Aside from Hal's death in this volume (he'd be back two years later in a time-travelling Green Lantern story, and then again in the Day of Judgement crossover) the overall impact of Final Night is considerably less than what we expect from modern crossovers. Notably, the crossover that followed Final Night, Genesis, also lacked a main villain (at least in the tie-in titles), with the heroes battling depressive moods and power loss; Genesis, however, lacked (to the extreme) the generally favorable critical reception that Final Night received -- that is, it's much harder to understand why Final Night isn't in print than why Genesis was never collected. DC crossovers would get better with DC One Million, but worse with Day of Judgment and Joker's Last Laugh before DC crossovers would cease altogether until Identity Crisis and Infinite Crisis resurrected the genre. Final Night, in this view, represents some of the best of the DC crossovers of this era (but very far from the best crossover by current standards), and also in a way the beginning of the end of that era of crossovers as a whole.

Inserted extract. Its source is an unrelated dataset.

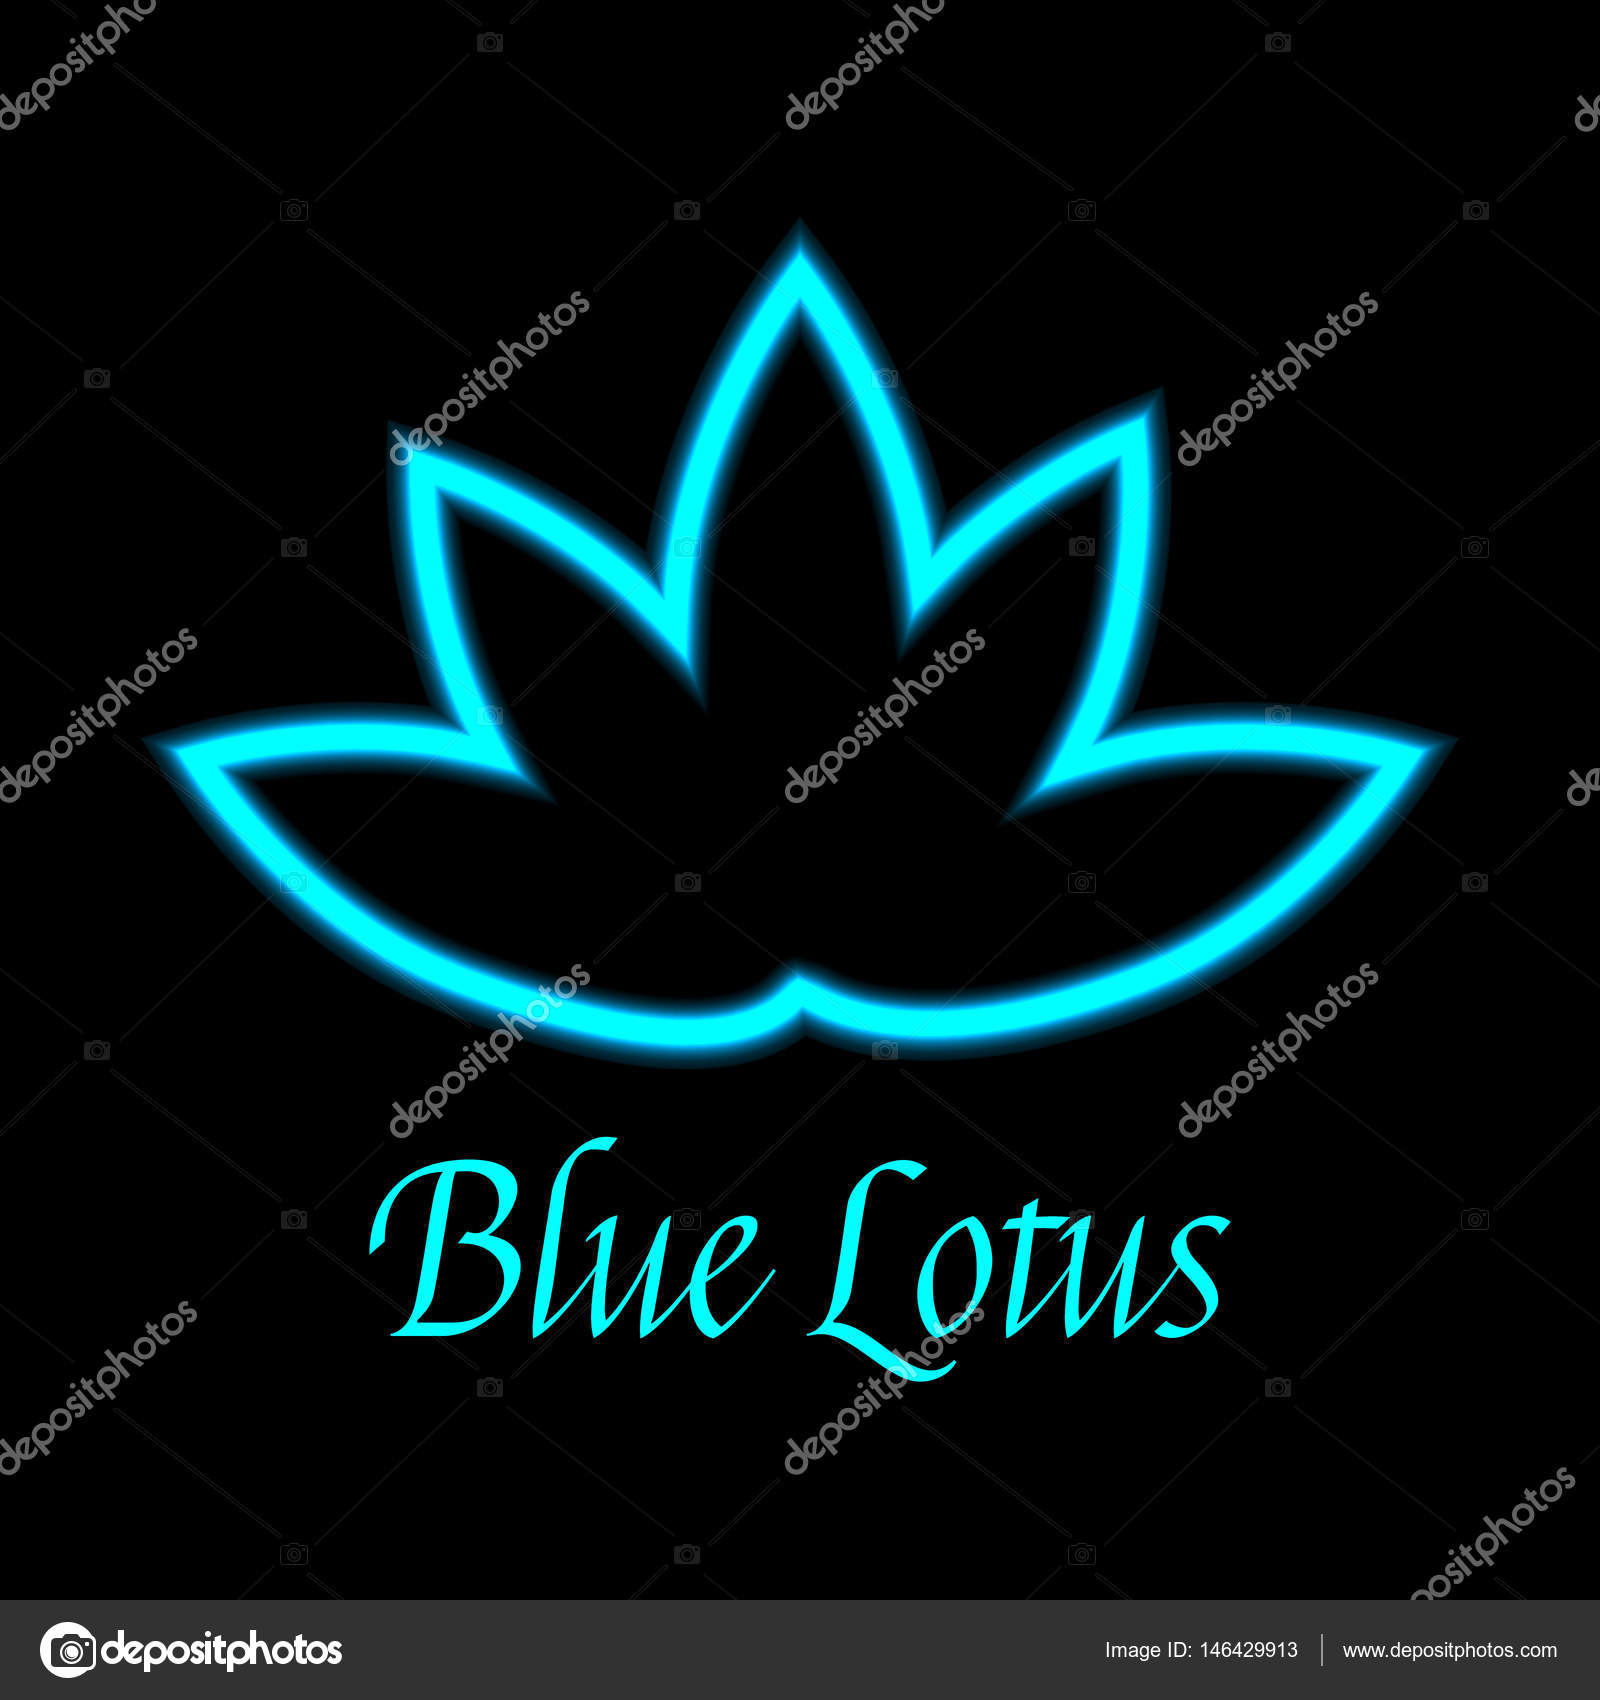 Icone Du Logo Fleur Lotus Bleu Image Vectorielle Foxyliam C 146429913

[Contains covers, previously uncolored preview book]
If we think of the history of the DC Universe as indeed a history, and a reader might want to experience that history from beginning to end, it's frustrating that key parts -- crossovers, I think, more so than individual titles -- shouldn't be readily available. Especially since DC recently released collections of Millennium and Invasion, both of which pre-date Final Night, it seems even more counter-intuitive that Final Night and Underworld Unleashed shouldn't be available. In the end, there's something about Final Night that feels almost experimental, and it's an interesting experiment; ultimately I think most would hunt down the trade paperback more for the story's place in history than for the story itself, and it's puzzling that that's not possible. We'll talk about this more coming up.